Я подсластил Веньке чай, он остановил мою руку:

— Достаточно. Я позавтракал, пошел дак...

Лоб у Веньки нахмурен, а глаза малохольные, будто парень вчера женился. Волосы у Веньки начинают густо расти мысочком над переносьем. Венька не смог их как следует причесать.

Ростом он хотя и не выше других мужчин, но ничуть и не меныне. Когда Венька идет по проспекту, все люди видят в нем зрелого человека.

Я смотрю на Венькино лицо, оно, в самом деле, не молодо, грубо, кожа помялась от возраста и увяла. Мы с Венькой одно поколение. Но я еще вижу Веньку-парнишку, и все годы нашего с ним знакомства теряют свою протяженность. Венька малость косноязычит, будто в детстве горячую картошину прикусил, обжег губы и десны, да так и не остудил. Губы у него чуть вывороченные. Скулы и подбородок окостенели, обозначились на лице — мужское лицо.

— Справочное бюро мне ваш адрес дало, — сказал Венька. — День рождения у меня. Тридцать лет исполнилось дак... Обязательно приезжайте. Я на станции Пелла живу. Как с поезда сойдете, так прямо и прямо, на правой руке третья улица будет, и тут аккурат наш дом на углу. Не наш он, снимаем пока... Как выстроят дом-от, в Ивановском пароходство строит на пятой линии, дак мне уж дадут квартиру. Я в списке четвертый стою. Кому давать, если так посмотреть, правда же? Я у них уже скоро семь лет как работаю... Летом на катере по Неве мотористом, и за капитана тоже моту. Через Ивановски пороги сильно опасно, когда идешь... Если че, уже знаешь, так и правишь на буй... Теперь ишшо в одно училище поступил. На моториста учился, теперь на морского механика выучусь, правда же? Не помешает... Только что в том училище, где на моториста, там немецкий учил, а тут английский. Буквы каки написаны по-английски, я могу прочитать, а слова у них все по-другому как-то выходят. Ничо не поймешь...

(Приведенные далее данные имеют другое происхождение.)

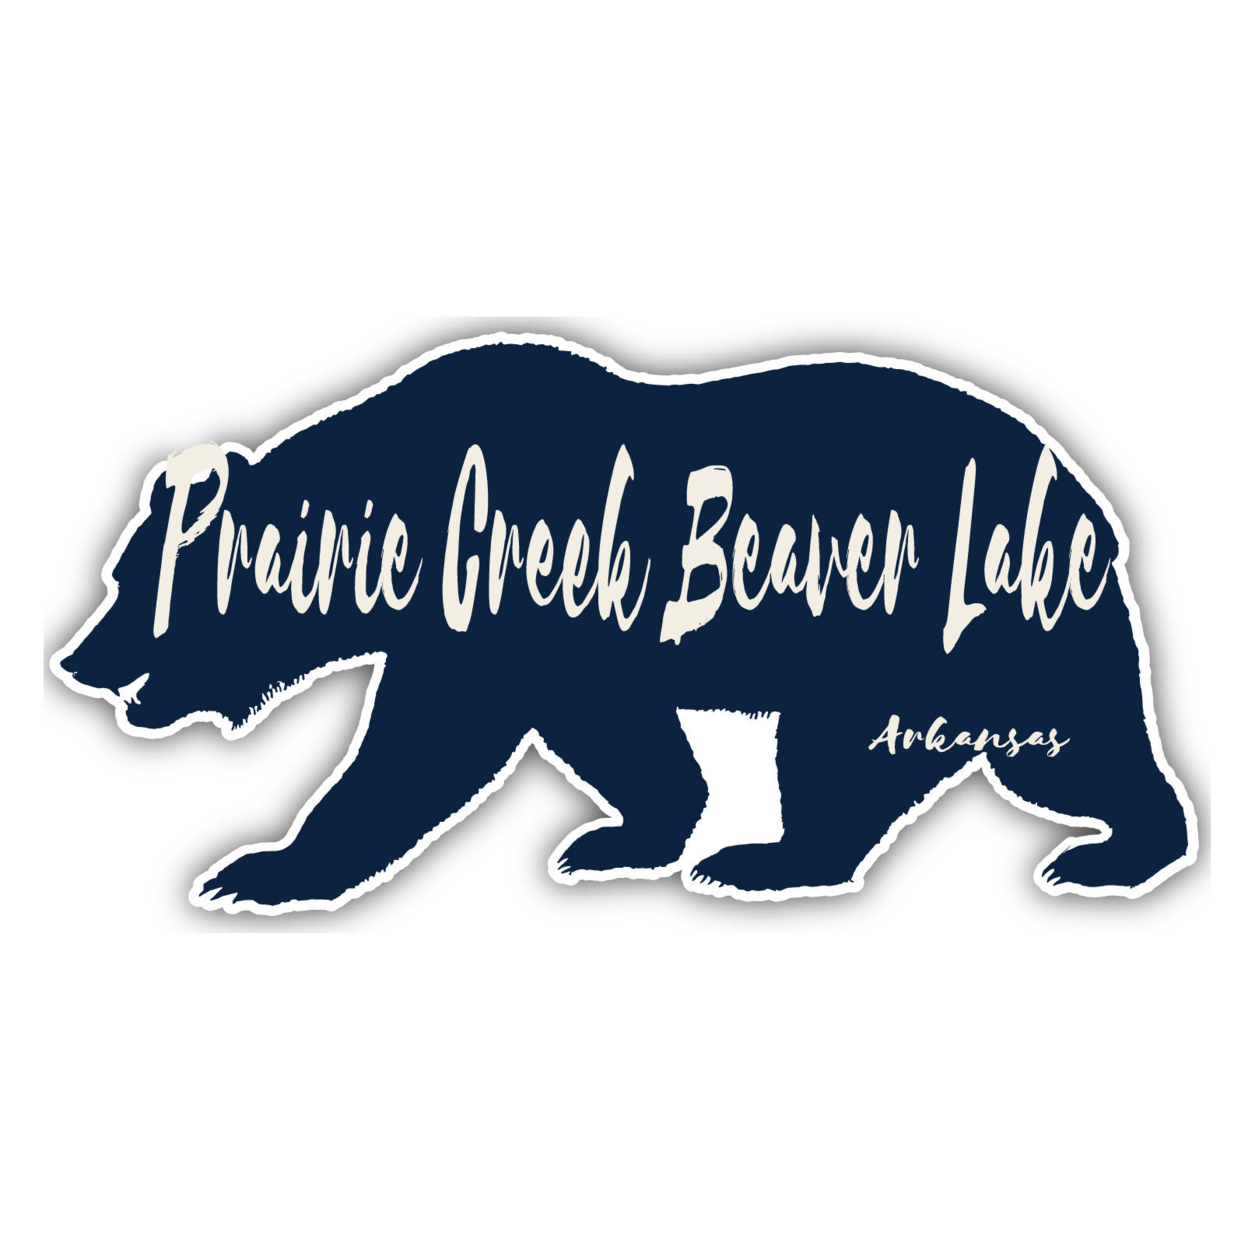 Prairie Creek Beaver Lake Arkansas Souvenir Decorative Stickers (Choose Theme And Size) - Single Unit, 4-Inch, Bear
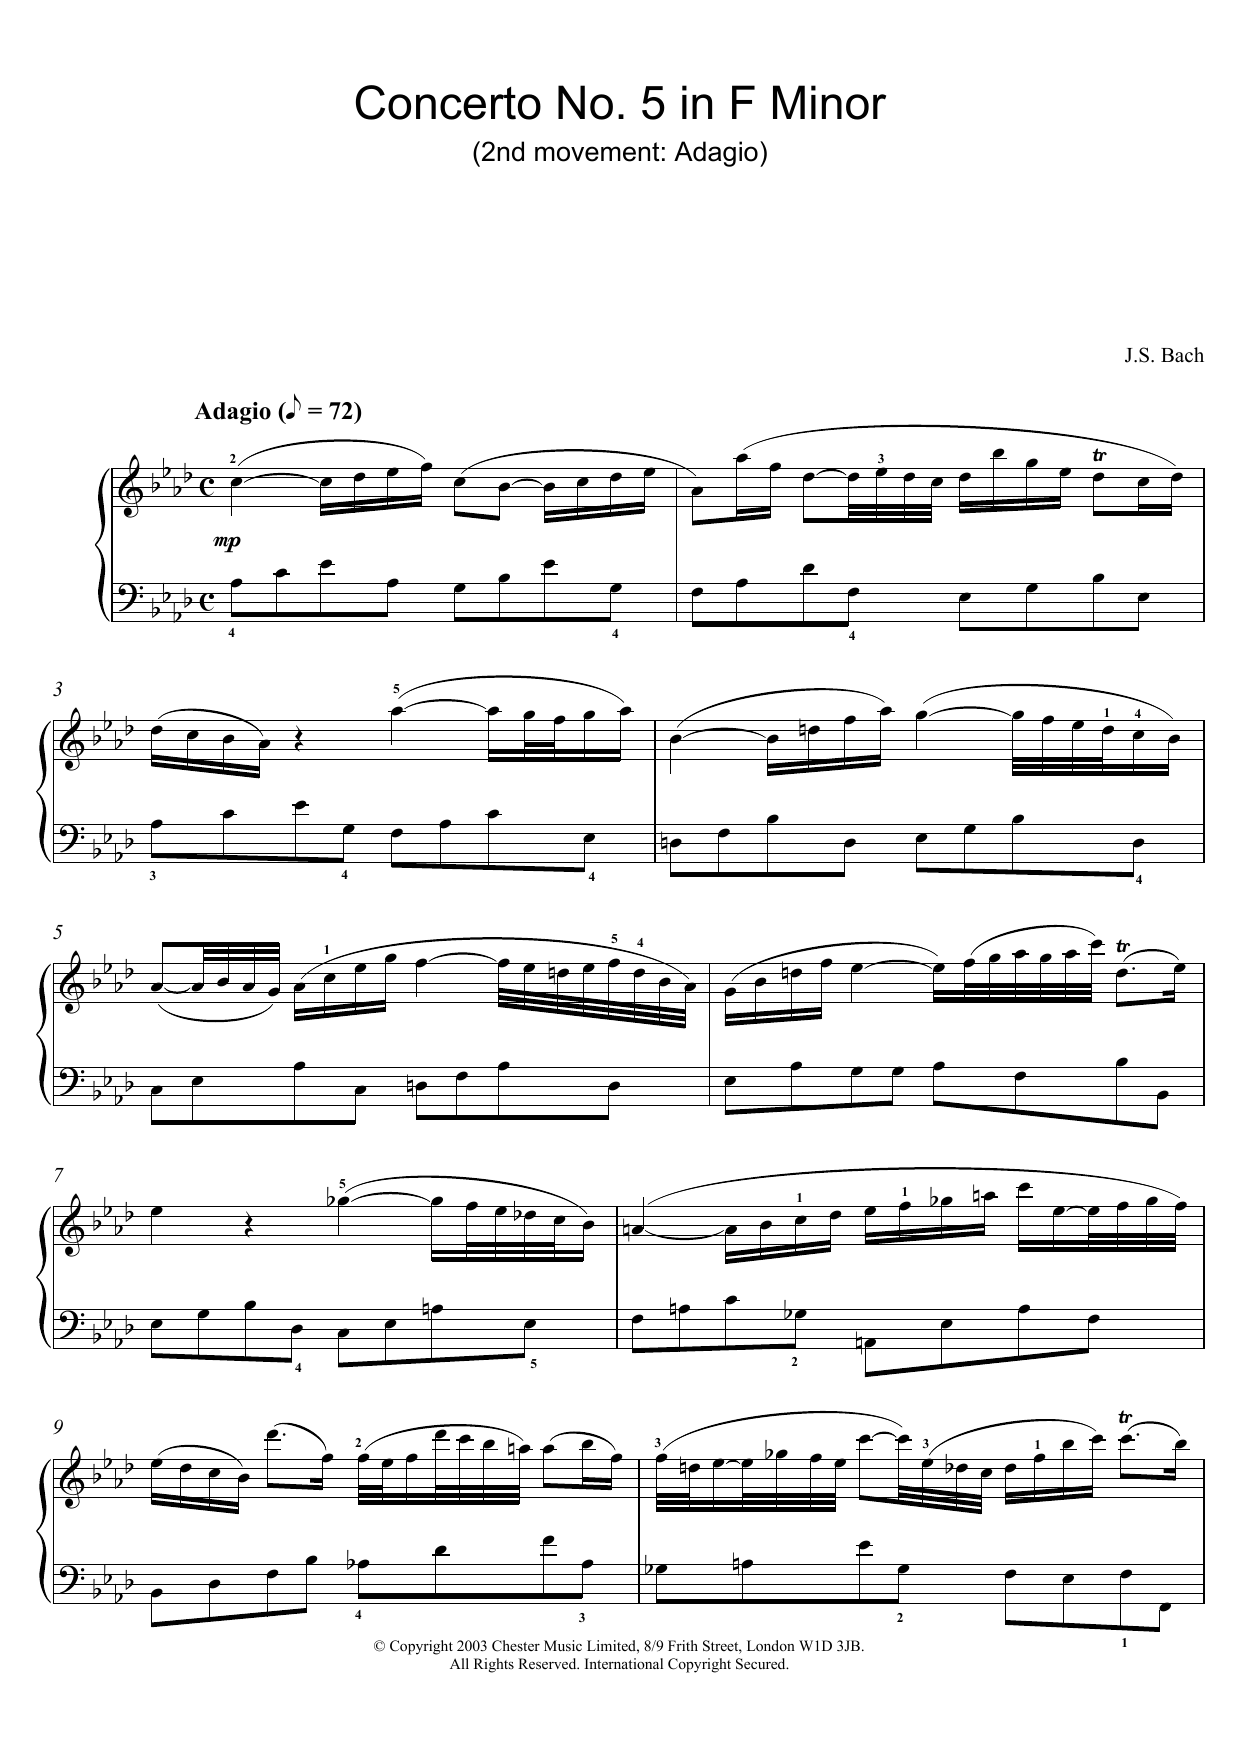 Johann Sebastian Bach Piano Concerto No. 5 in F Minor (2nd movement: Adagio) Sheet Music Notes & Chords for Piano - Download or Print PDF

Венька говорил и немножко даже захлебывался этим рассказом о своей жизни — так нравилась ему жизнь.

Венькин говорок не изменился за двенадцать лет. Венькино образование не приучило его к правильным книжным словам и оборотам.

О своей городской взрослой жизни Венька говорил языком своего детства, своей деревни, сосновой, ольховой, болотной, близко прилегшей к набитой дровами сплавной реке.

— ...Навигация кончилась — я кочегаром могу на заводе. А лед сойдет — я опять на катере. Начальник смены, он знает, если че надо, я сделаю; я у него попрошу, он всегда меня подменяет. От перестановки слагаемых, говорит, сумма не изменяется. Вместо меня поставит кого-нибудь в день, а надо — я за него в ночь отработаю. Я утром в школу могу пойти, десятилетку кончить мне год остался. А вечером в училище. В школе там медленно все объясняют: первый закон Ньютона, второй закон. Ньютона, трение — я все запишу, а в училище гонят программу. Я сижу на уроке — мне хорошо! Все уже утром слышал, дак... Ишшо раз послушаю, правда же? Тройка одна у меня по английскому, а так все четверки.

— ...У меня жена Кира на музыке играет, — рассказывал Венька, — училище кончила, в детском саду и в школе пение преподает. Сто десять рублей получат, и я сто сорок — сто пятьдесят. Мне тешша говорит, чтобы мы с ними жили, у них свой дом в третьем Парголове, а я говорю: не пойду. Или так, или так, говорю. Я жить самостоятельно буду. Пока что квартиру снимаем, а дом пароходство строит, уже под крышу подведенный стоит. Кира в детсадике музыке учит, а мне теперь хорошо, электричку до Мги пустили — хоть на завод, хоть в пароходство, куда надо, мигом свезет.

— Ну вот, получишь свою квартиру, — сказал я, — денег у вас хватает, купите гарнитур.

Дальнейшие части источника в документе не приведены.